To RP in an MMO you simply narrate your characters actions through text and the avatar itself. You can move your character around where ever you want and most games come with a helpful set of animations to visually represent some of your character’s actions. These animations, and the narration you write for your character are called emotes. Your character can also communicate by speech, which will appear in the text window following “Your Character Says…”

Using these tools, RPers go out into the open worlds of MMOs, often wearing armor and gear that suits their character’s persona, race, storyline or whatever. Taverns are a common gathering area for RPers, who go there to drink and chat IC about their adventures. Unlike tabletop, RP in an MMO doesn’t have a specific time it takes place, aside from planned gatherings or events. Anyone can hop in at any time and begin searching for other roleplayers to interact with.

RPers often find that they can better get involved in storylines and tabletop-like-plots by joining a guild. This isn’t always true, but a good RP guild can be just the place to go to get into the deeper, more complex RP. Guilds are organizations of players within the MMO. They have their own ranking systems, collective goals and scheduled events. For an RP guild these events usually somehow progress the story of the guild.

“Random RP” as opposed to guild or planned RP is when you stumble upon another roleplayer and engage them IC. This can be as simple as asking another player for directions through the city or as interesting as attacking a passerby on the road in the dark of night. Many new connections can be made this way. You never know what to expect from another RPer. Unlike the static, straight-forward stories most games come with, roleplaying is an ever-shifting, constantly evolving story created by hundreds, sometimes thousands of authors.

As always the best way to learn more about roleplaying is to just do it. So go! Go my friends and roleplay!

WTF is RP Anyway?

Roleplaying is difficult to explain simply to someone who has never witnessed it. It’s nearly beyond my scope as a writer to come up with an precise explanation that isn’t long-winded and confusing. That’s why it’s always best to just go try it for yourself and learn as you go. Until then, I’ll try to accurately describe what you can expect from RP.

Anyone familiar at all with theater or TV shows like Whose Line is it Anyway? knows what improvisational acting is. Roleplaying is very similar to that. You have to think on the spot and come up with something that suites the character you’re trying to display. Roleplaying is all about having fun pretending to be someone else, the better you do at that the more fun you’ll have.

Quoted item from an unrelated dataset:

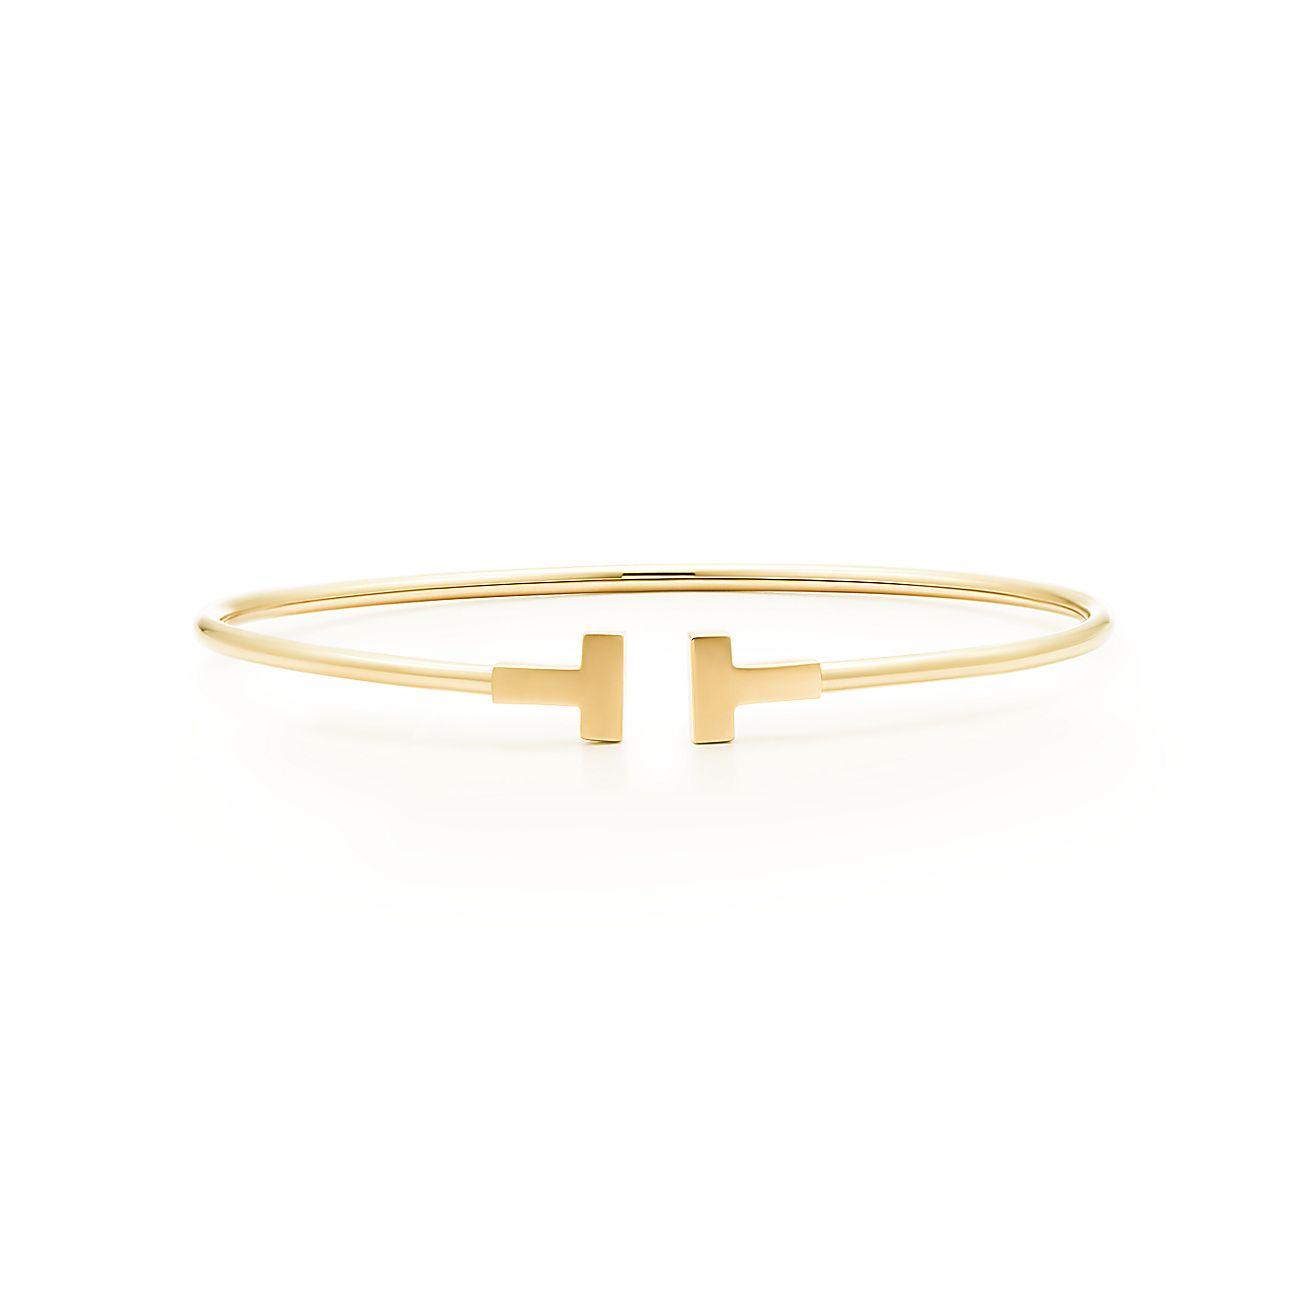 tiffany t narrow wire bracelet in 18k gold medium. Black Bedroom Furniture Sets. Home Design Ideas

Generally, RP is a group activity and takes many shapes and forms. If it’s tabletop you’ll meet with friends on a night you all have free to snack, drink and laugh as you participate in the game. Online, you could be in a virtual world filled with hundreds of other RPers to interact with. Live Action Roleplay (or LARP) is when people dress up as their character and fight with foam swords. Whereas in one-on-one email RP is more like co-writing a novel.

Each of these ‘players’ has taken on the role of their character. They will narrate their actions (through text or vocally) and speak as if they are their character. The idea behind RP is that a group of people collectively creates an interesting plot by playing individual characters. Kind of like a much more advanced version of the Choose-Your-Own Adventure books a lot of us grew up with. It’s fascinating to see how different scenarios play out. Without a single person controlling all of the characters, the outcome of a RP story could be anything!

Here are some of the different types of RP and more detailed explanations of them:


Play-by-Post : coming soon

Tabletop : soming coon

LARP : lasjkdfoiwefh

RP Glossary

Roleplaying can be very complex, to the point that special vocabulary becomes necessary. My articles are directed at Roleplayers, but hopefully this glossary will help give non-RPers a basic idea of what’s going on. As always, the best way to understand RP is to actually just do it. Until then, here ya go! I’ll add more as I think of them.

RP : Woah, back up!

RPG : Roleplaying Game.

MMO : Massively Multi-player. It means there’s a lot of people playing one giant game together over the internet. The 21st century is nuts, right?!

PC : Player Character. These are the fictional characters created and controlled by the people roleplaying them. Usually a single player portrays a single PC, but this can vary.

NPC : Non-player Character. This could be anyone from a moldy beggar to a purfumed king, NPCs are everyone the PCs are not. That’s every single character involved in the story or setting. In video games the vast majority of NPCs are represented visually, and some can be interacted with. In other RPGs (tabletop, play-by-post, etc) NPCs are controlled by a GM.

GM : Game Master, also called DM for Dungeon Master. The person who controls the environment, setting, story and NPCs. In video games GMs are usually players granted the power to GM them by other players. A GM serves as a guide and a storyteller, helping focus a roleplaying session into something more than random encounters.

IC : In Character. This means that what you are saying (or typing) is coming from your character, not you. Be it their thoughts, actions or actual words.

OOC : Out of Character. This is what you, yeah you, human! That’s what you’ve got to say. In internet roleplay IC and OOC are usually separated by having different colored text, being divided by windows or having ((brackets)) of some sort around them.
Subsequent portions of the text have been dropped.